Automatic pdb calling has been turned OFF


## Global Argument

In [0]:
class Argument():
    def __init__(self):
        self.batch_size = 256
        self.embedding_size = 300
        self.hidden_size = 512
        self.n_class = 16
        self.dropout = 0.5
        self.filter_num = 100
        self.layer_num = 1
        self.lr = 1e-3
        self.wd = 1e-4
        self.n_epochs = 10
        self.iter_interval = 300
        self.metric_list = ['accuracy']

args = Argument()

## Download the dataset

In [1]:
%%sh
wget http://phontron.com/data/topicclass-v1.tar.gz
tar xvzf topicclass-v1.tar.gz topicclass
wget http://nlp.stanford.edu/data/glove.42B.300d.zip
unzip glove.42B.300d.zip
wc -l glove.42B.300d.txt

glove.42B.300d.txt
glove.42B.300d.zip
sample_data
topicclass
topicclass-v1.tar.gz
topicclass-v1.tar.gz.1
topicclass-v1.tar.gz.2


## Data Preprocessing

In [0]:
class PretrainedEmbedding():
    def __init__(self, embedding_size):
        self.embedding_dict = {}
        self.embedding_size = embedding_size
    
    def load(self, embedding_file, existing_tokens):
        start_time = time()
        existing_tokens = set(existing_tokens)
        print("Loading embedding from file...")

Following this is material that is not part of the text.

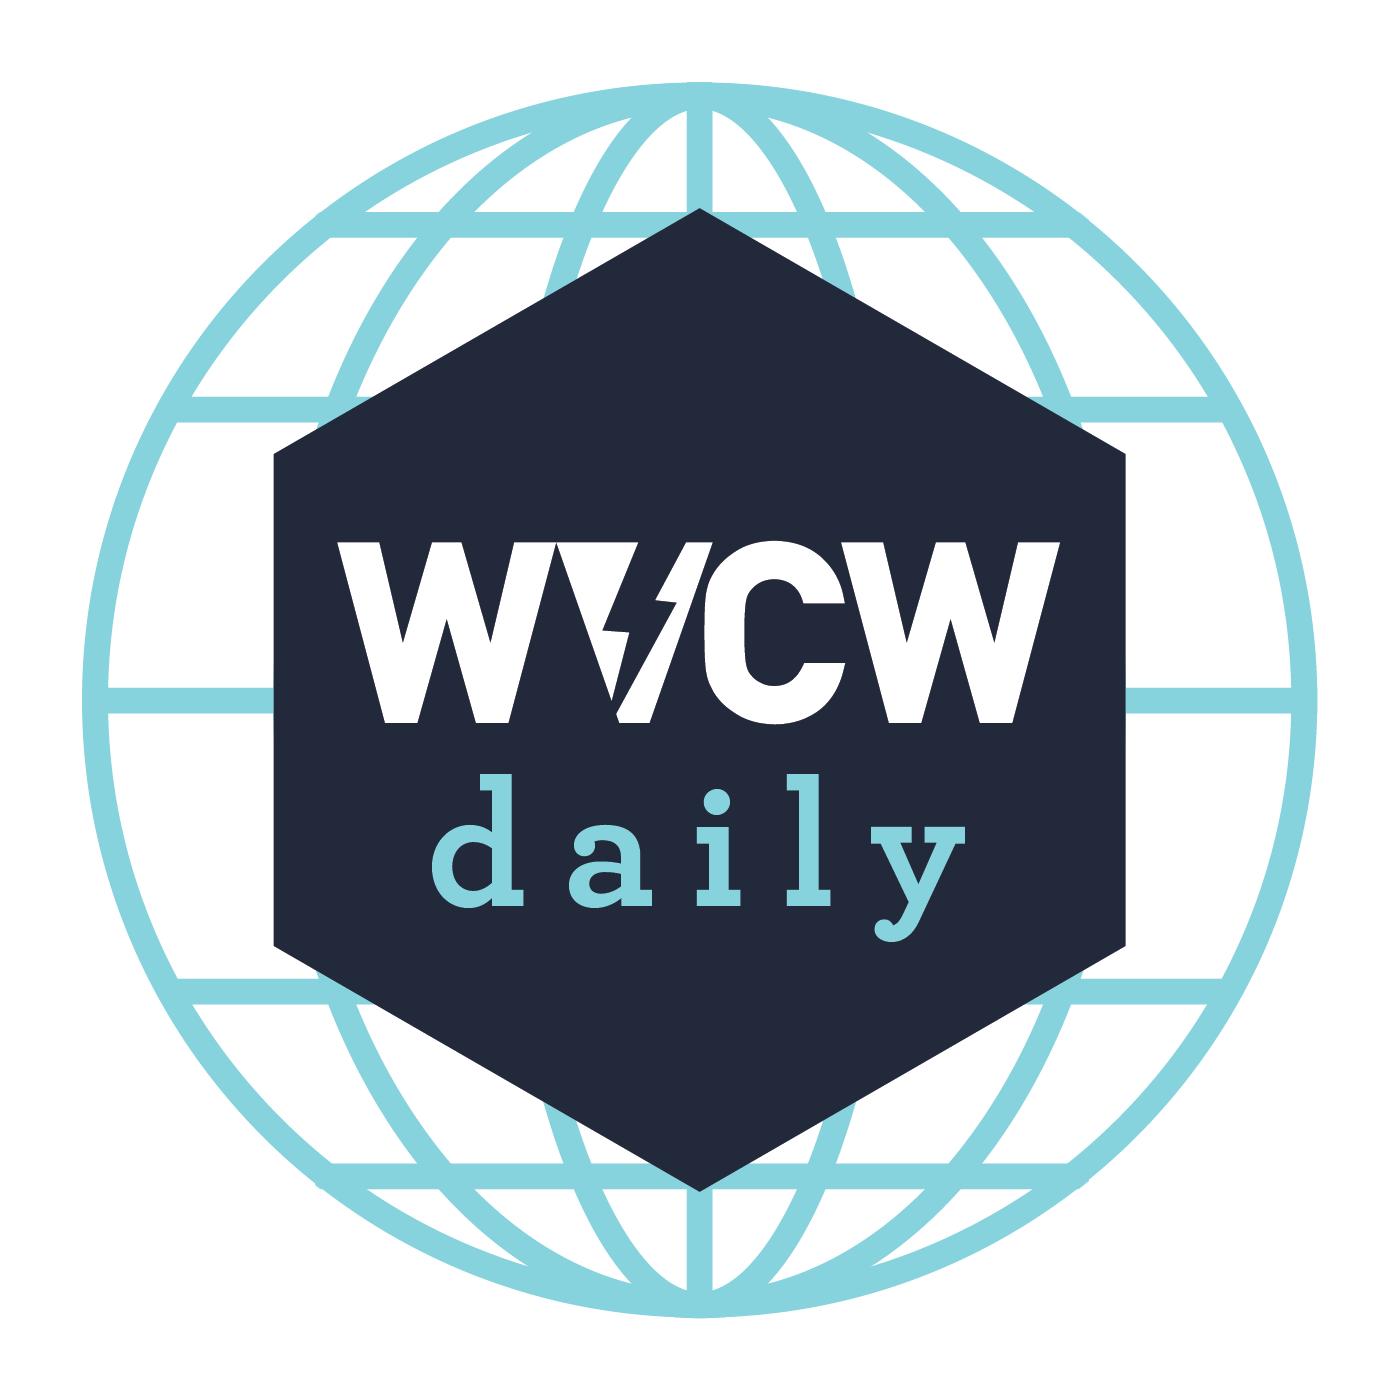 WVCW News Headlines

        with open(embedding_file, 'r') as f:
            for line in f:
                line_split = line.split()
                token, vec = line_split[0], line_split[1:]

                if token not in existing_tokens:
                    continue

                vec = list(map(lambda x: float(x), vec))
                assert token not in self.embedding_dict
                self.embedding_dict[token] = vec

        print("Loading finished in {:.1f}s".format(time() - start_time))

    def get_embedding_words(self):
        return list(self.embedding_dict.keys())
    
    def get_embedding_size(self):
        return self.embedding_size

    def get_embedding_weight_matrix(self, tokens_ls):
        weight_matrix = np.zeros((len(tokens_ls), self.embedding_size))
        for i, token in enumerate(tokens_ls):
            try:
                weight_matrix[i] = self.embedding_dict[token]
            except KeyError:
                weight_matrix[i] = np.random.normal(scale=0.6, 
                                                     size=(self.embedding_size, ))
        return weight_matrix

    def __len__(self):
        return len(self.embedding_dict)


class Vocabulary():
    def __init__(self):
        self.token2index = {'<UNK>': 0, '<PAD>': 1}
        self.token_ls = ['<UNK>', '<PAD>']
        self.token_cnt = 2

    def add_token(self, token):
        if token not in self.token2index:
            self.token2index[token] = self.token_cnt
            self.token_ls.append(token)
            self.token_cnt += 1
        assert self.token_cnt == len(self.token_ls) == len(self.token2index)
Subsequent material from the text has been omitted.